(PROVIDED RECORDS begins)

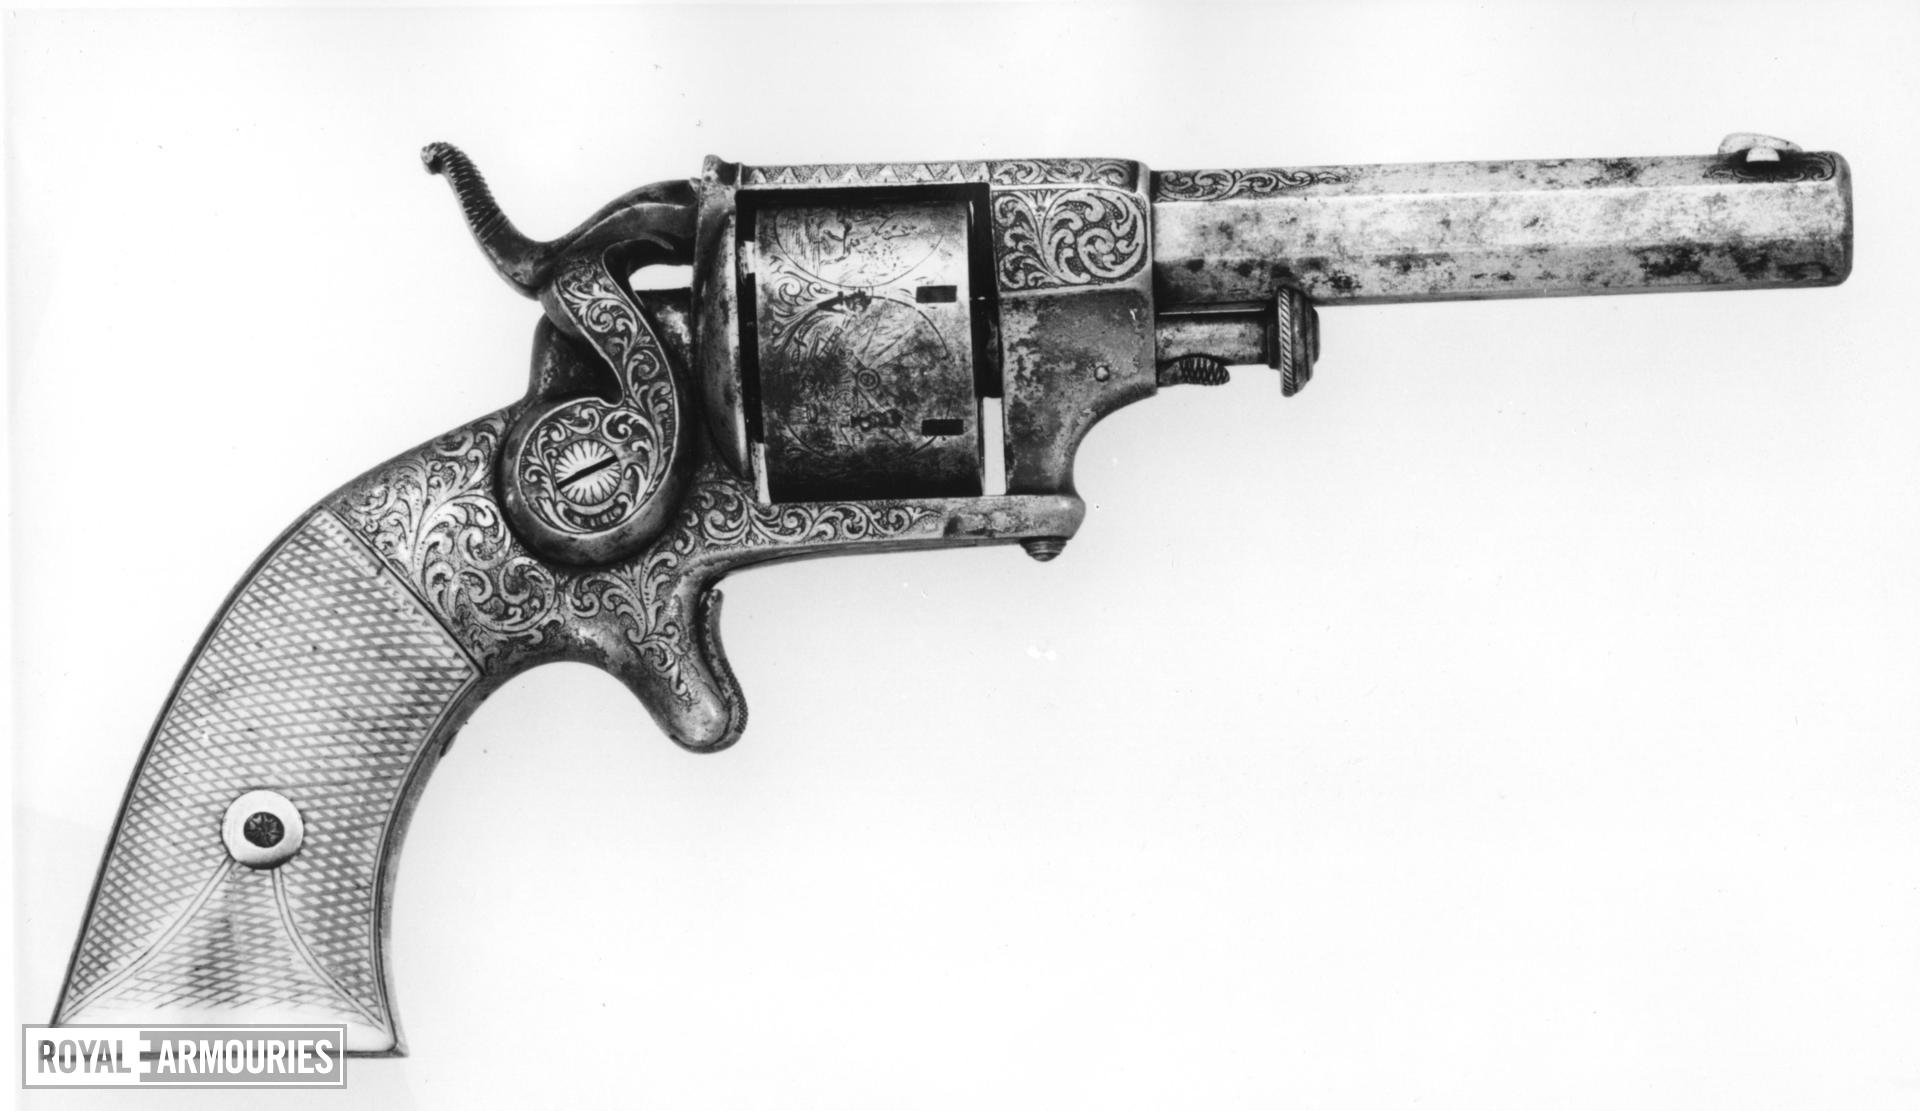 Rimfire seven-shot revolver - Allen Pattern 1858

(PROVIDED RECORDS ends)
(PROVIDED RECORDS begins)

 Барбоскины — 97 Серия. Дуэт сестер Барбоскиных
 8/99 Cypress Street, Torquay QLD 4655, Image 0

(PROVIDED RECORDS ends)

-- ABOUT THIS TASK --
Please output exactly the lines between the one holding "Барбоскины — 97" and the one holding "8/99 Cypress Street, Torquay" in the records above, inclusive, and nothing more.

-- OUTPUT --
 Барбоскины — 97 Серия. Дуэт сестер Барбоскиных
 8/99 Cypress Street, Torquay QLD 4655, Image 0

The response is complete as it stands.